Потянулись дни и недели восстановительного периода. Голова работала как часы, мозг писателя выстраивал логические цепочки и просчитывал возможные варианты, сопоставляя пережитое в коме с действительностью.
Требовалось понять: все ли происходящее со мной в коме было болезненным бредом или почему-то могло быть частью правды, происходящей в жизни.
Я все еще не разговаривал с окружающими. С одной стороны, было трудно двигать губами, с другой стороны, я жутко боялся, что не умею говорить после двух лет такого состояния, а еще, окружающие столько болтали, чтобы вернуть меня к действительности, что я даже и не думал о том, чтобы пытаться общаться, боясь спугнуть их неуемное желание меня разговорить…
Что за это время я успел понять… Софья, как ни прискорбно мне было это осознавать, не была моей девушкой, и, естественно, у нас с ней нет и не могло быть общей дочки. Она была женой… сами догадались кого? Правильно! Макса. И познакомились они здесь, в клинике. Нас после аварии обоих сгрузили в какую-то больничку, мы оба выжили, но Макс быстро пришел в себя, а я впал в кому.
Друг чувствовал свою ответственность за произошедшее… (Или хотел заполучить имя, на которое открыт счет в банке?) и поместил меня в лучшую столичную клинику, где я и лежу по сей день… Здесь они с Софьей познакомились и поженились! Я ведь был прав, да? Ему всегда доставалось все самое лучшее! Счастливчик! А в чем принципиальное различие между нами? У меня батю грохнули на десятку лет раньше, вот и вся разница… Возможно, и я был бы богатым, успешным и уверенным в себе человеком.
Ладно. Это лирическое отступление… Далее… Мой организм начал отказывать, и меня решили отключить от аппаратуры, и какой-то заезжий спец, как я потом узнал, по имени Генрих, предложил уникальную методику вывода пациентов из комы, которая давала потрясающие результаты. На мне ее успешно и опробовали в очередной раз. В чем методика заключалась, я пока так и не понял…
Что еще удалось узнать за это время? Ваньку действительно убили полтора года назад. И новость о том, что красная спортивная машина сбила профессора, который украл мою книгу, тоже была настоящей. Только, конечно, не мы с Максом были этому виной.

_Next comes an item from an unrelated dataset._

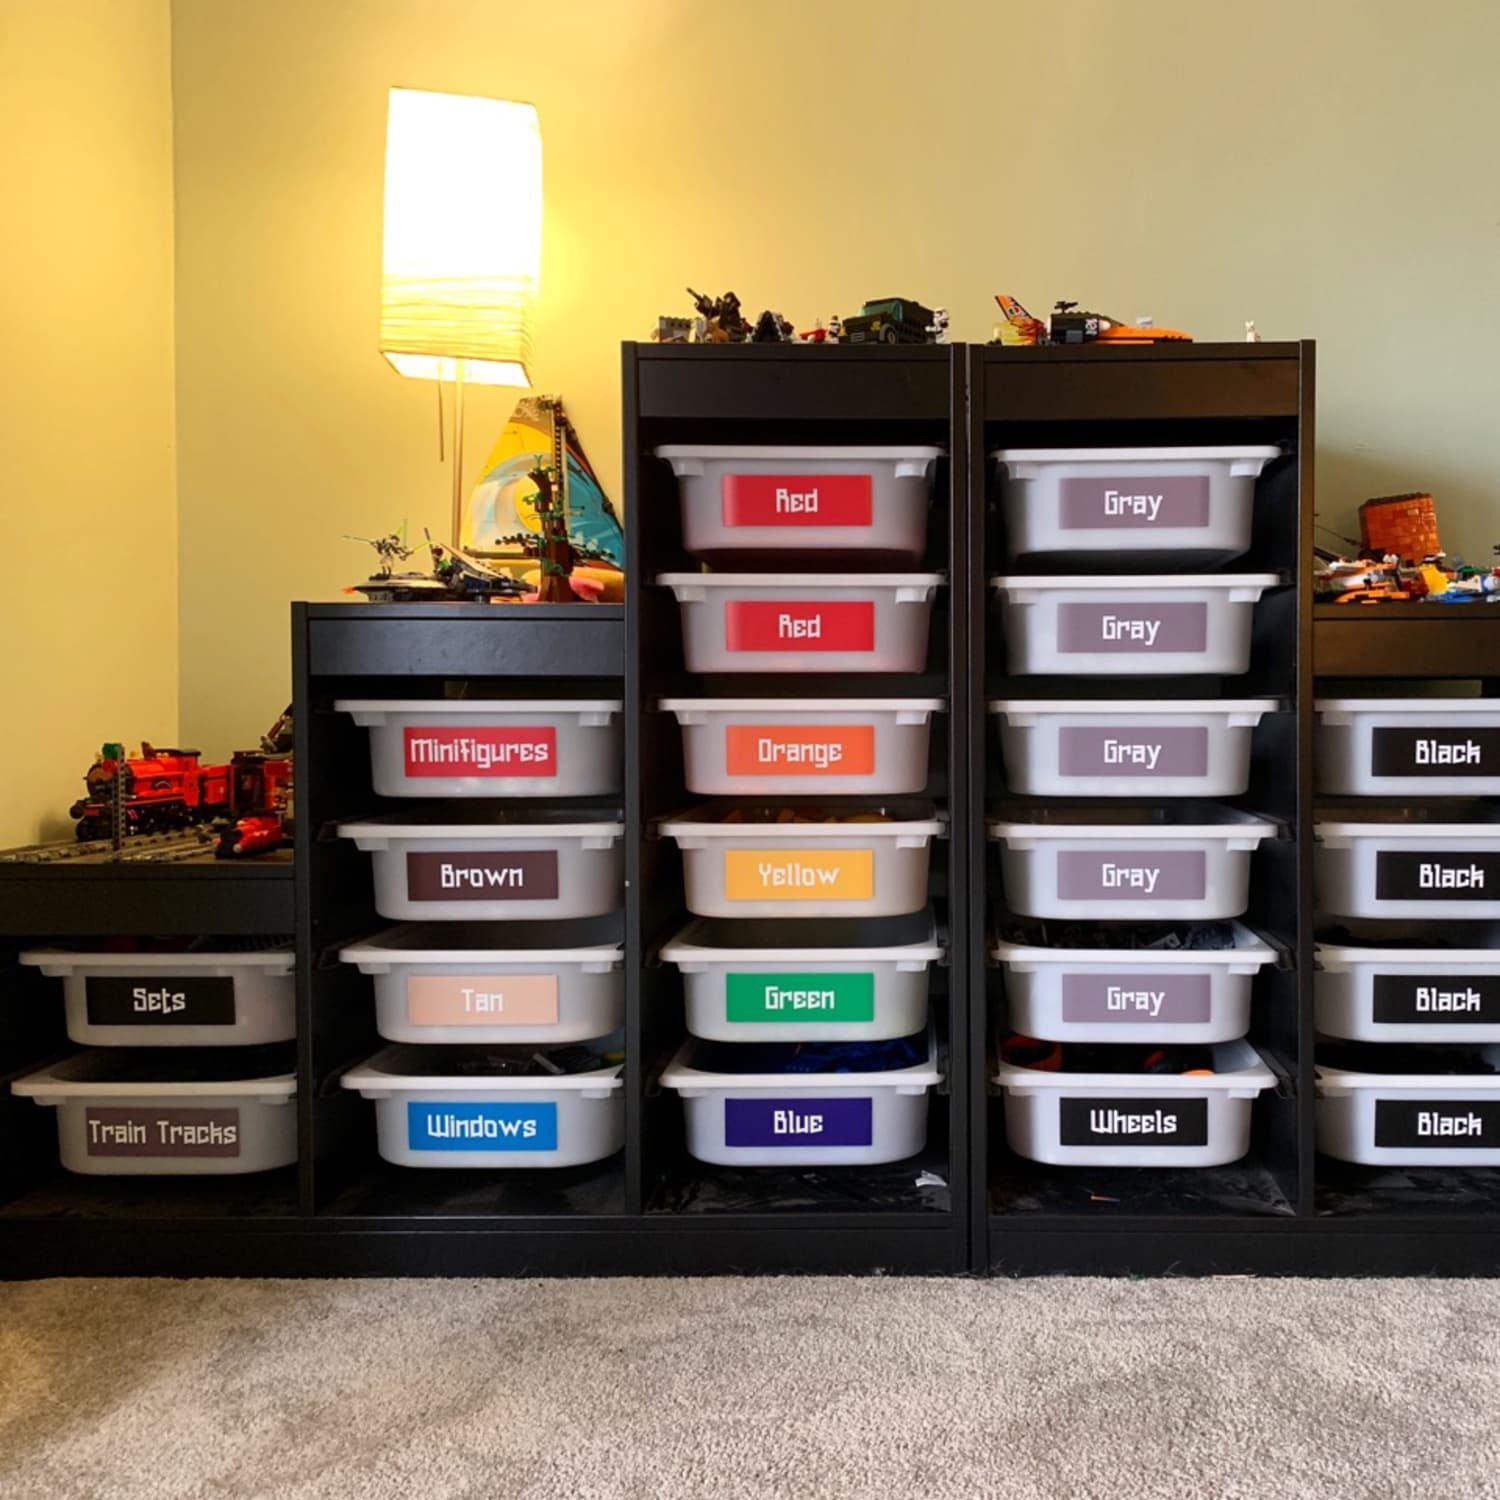 Lego Storage Tips, Ideas & Solutions For Organizing Your Lego

Да, меня зовут Сергей Верхотуров от рождения и Пчельников по усыновлению собственным отцом. Я прожил три года в интернате, потому что родители погибли, потом армия, и мои сказки мой друг продал за какие-то гроши. Я учился в литинституте и имею диплом литературного работника. Потом первая любовь и первый роман. Все правда. Так и было. А мой препод украл мой роман. Затем я устроился редактором в издательство отца Максима и там же и познакомился с ним. И спустя пару лет авария.
И дальше не было ничего. Ни писателя, скитающегося по странам, ни человека, меняющего имена. Получается, что с тех пор я не написал ни одной книги, поэтому в коме и не мог ничего вспомнить.

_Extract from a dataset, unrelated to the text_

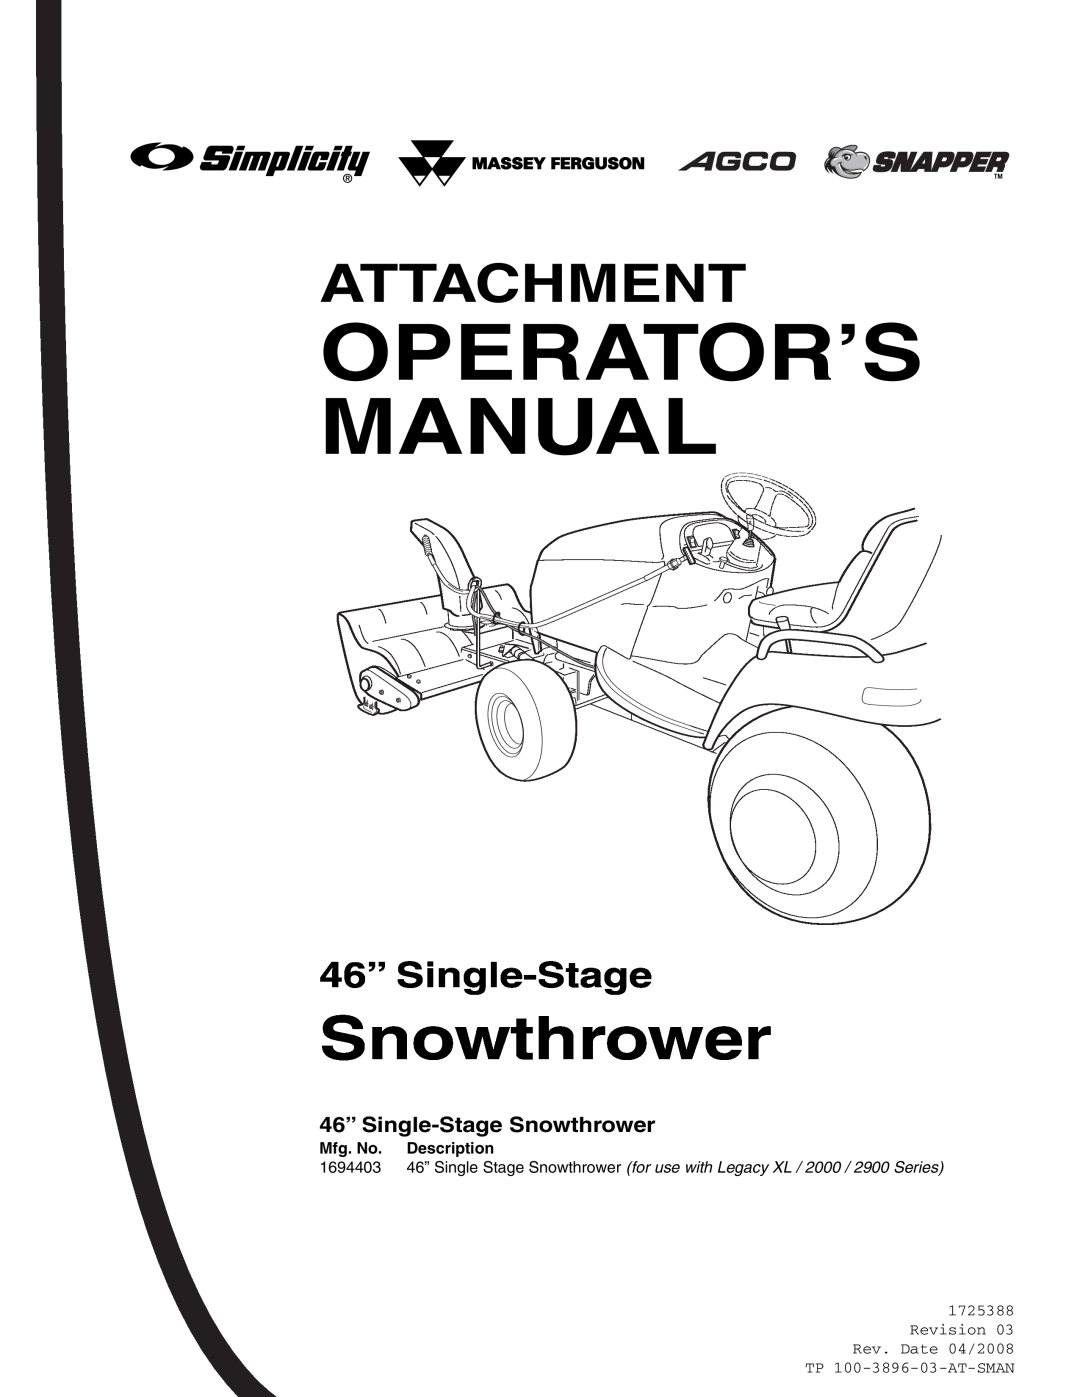 Snapper Legacy XL 2000, Legacy XL 2900 manual 46” Single-Stage Snowthrower, Operator’S Manual, Attachment

Максим бывал у меня неоднократно, радовался, поздравлял, рассказывал новости, в том числе про Ваньку и профессора, но больше ничего, интересующего меня, не говорил…
Все разложилось по полочкам. Осталось только понять историю с посланием от шести издателей. В коме мне о ней рассказала Софья, и только она там знала об этом, но там она была дочерью одного из убитых и художницей, а здесь — успешным врачом, доцентом, преподающем в институте…
В палату, как-то странно прихрамывая, вошла Софья. На уровне интуиции я почувствовал, что что-то случилось. Она смотрела на приборы и не смотрела на меня, пряча глаза и изображая очень занятого своими исследованиями и наблюдениями доктора.
− Софья Леонидовна, посмотрите на меня, пожалуйста! — подозревая, что мои предчувствия не безосновательны, попросил я.
− Да-да, я вся во внимании. Для начала надо проверить все ваши показатели! — явно пряча свое лицо от меня, скороговоркой проговорила врач.
− Остановитесь, пожалуйста! Просто взгляните на меня, − успел перехватить я ее руку.
Софья остановилась и посмотрела на меня. На лице были ссадины…
− Что случилось?
Я был настолько ошарашен увиденным, что, казалось, слезы вот-вот были готовы появиться на моих глазах. От бессилия вступиться за любимую женщину и невозможности помочь хотелось выть! Казалось, что выть — это теперь единственное действие, доступное мне.
− Неважно! Не переживайте! Ничего страшного. Я разберусь…
После ее ухода я тут же написал Максиму и рассказал о происшествии, попросив его все же выяснить, что случилось с его женой. Макс ответил:
− Она сказала мне, что сутки на дежурстве. Что-то случилось в клинике?
− Ночью, насколько я знаю, здесь ее не было…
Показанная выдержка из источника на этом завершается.